But Cheney was not trying to correct the record, but to suppress it. He knew that what Wilson had written in his New York Times Op-Ed of July 6, 2003, and what Wilson had said earlier about it at a public forum, obliquely reported, were accurate. Wilson posed a potential menace not only to the legitimacy of the Iraq invasion but also to the reelection of Bush-Cheney.
Cheney knew that the intelligence for the war had been cooked. He was not obsessed with Wilson because he was angry that Wilson was allegedly falsifying information. Cheney was not seized with a feeling of injustice or a need to inform the public of the truth. Cheney is not a fool. "Cheney knows how to read intelligence reports. He knows how to read classified information," Richard Clarke, former director of counterterrorism on the National Security Council, told me. Of course, Clarke said, "Cheney had read the reports" that disproved the administration's line. "Cheney knew it was false," said Clarke. What worried Cheney was that he was keenly aware that the so-called intelligence the administration propagated was phony, shabby and shaky. What also peeved him was that Wilson had said that his mission had been triggered by a request from the Office of the Vice President.

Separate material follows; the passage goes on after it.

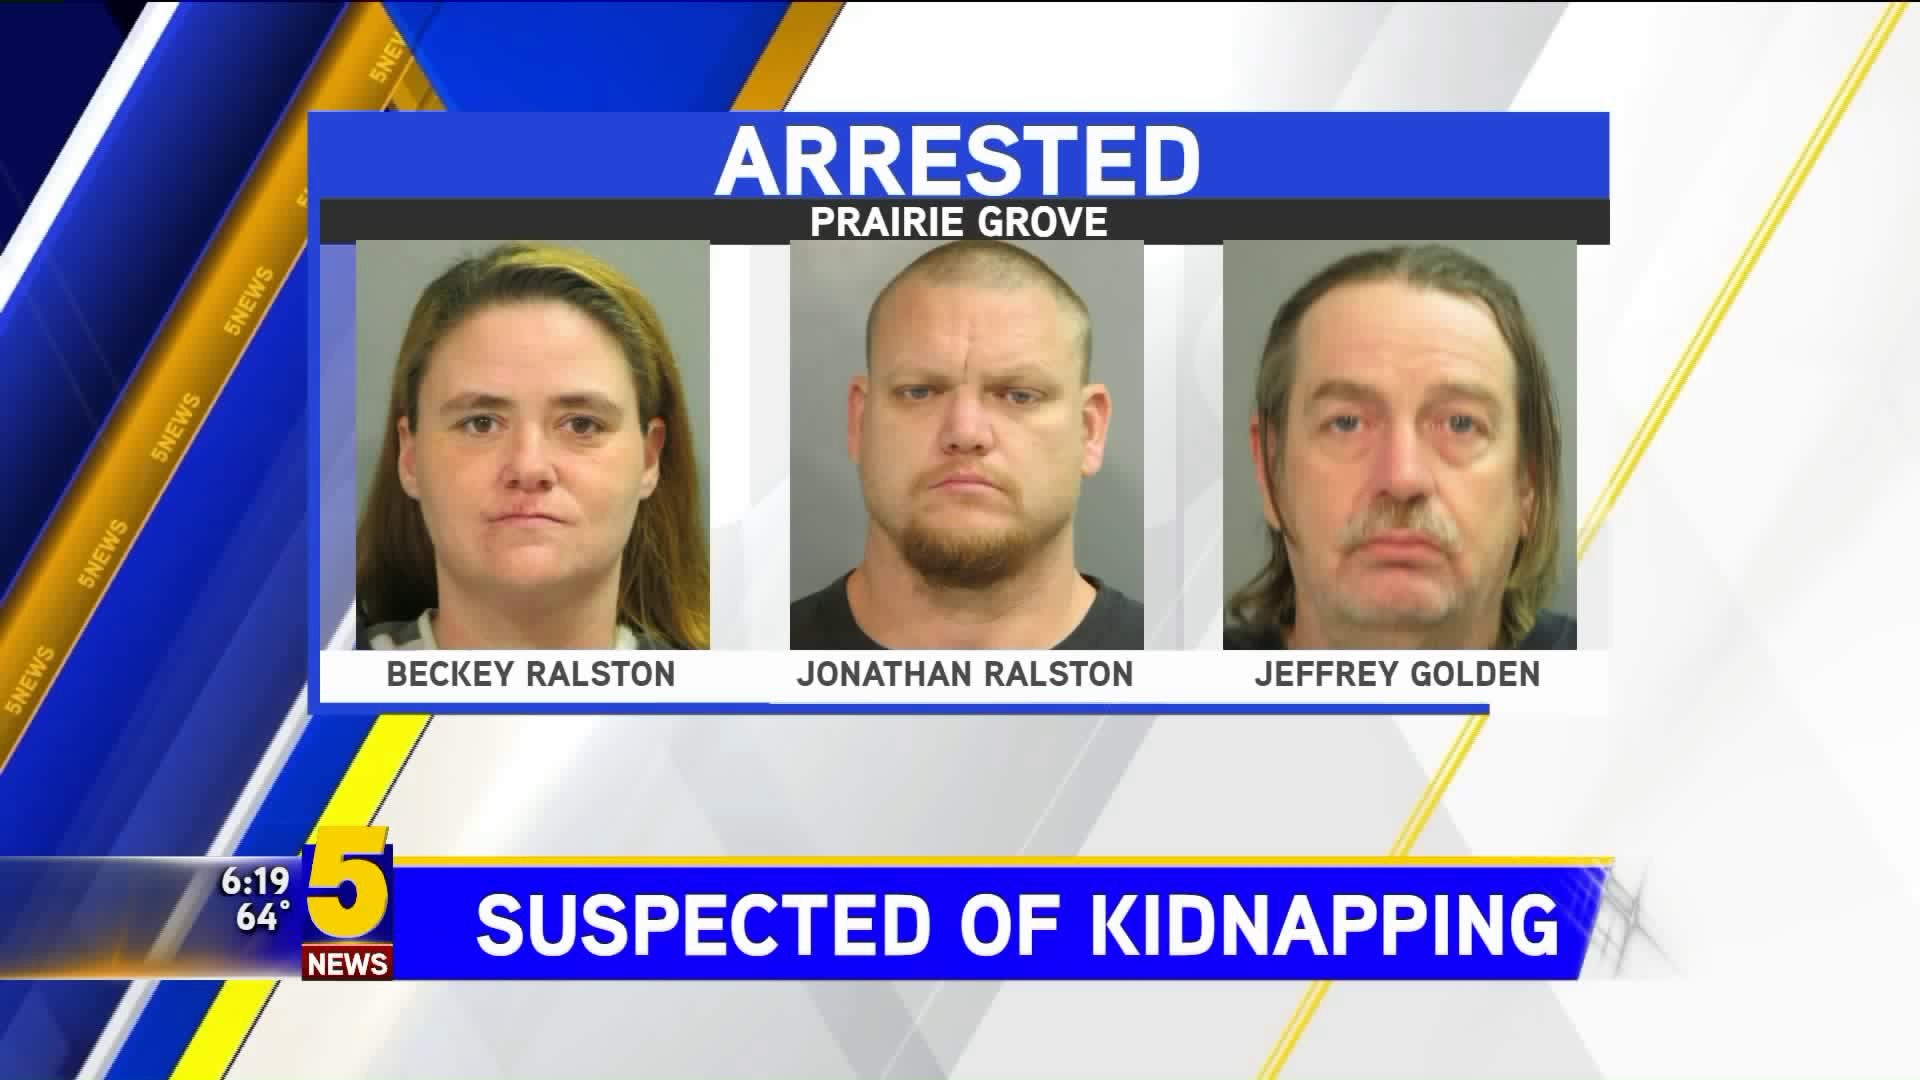 3 Arrested For Kidnapping, Robbery, Aggravted Assault

In the aftermath of the invasion, as President Bush swaggered in a fighter pilot's flight suit on the deck of the USS Abraham Lincoln, the administration's sway in Washington was at its zenith. The president's poll ratings were sky-high, the Republican control of the Congress airtight and the press corps embedded. Wilson was targeted as an enemy of the state. The same methods that had been used to whip up support for the war were now deployed against the straggler. Cheney's overbearing intensity was transmitted through his chief of staff. Once again, a compliant press would be exploited to do their bidding.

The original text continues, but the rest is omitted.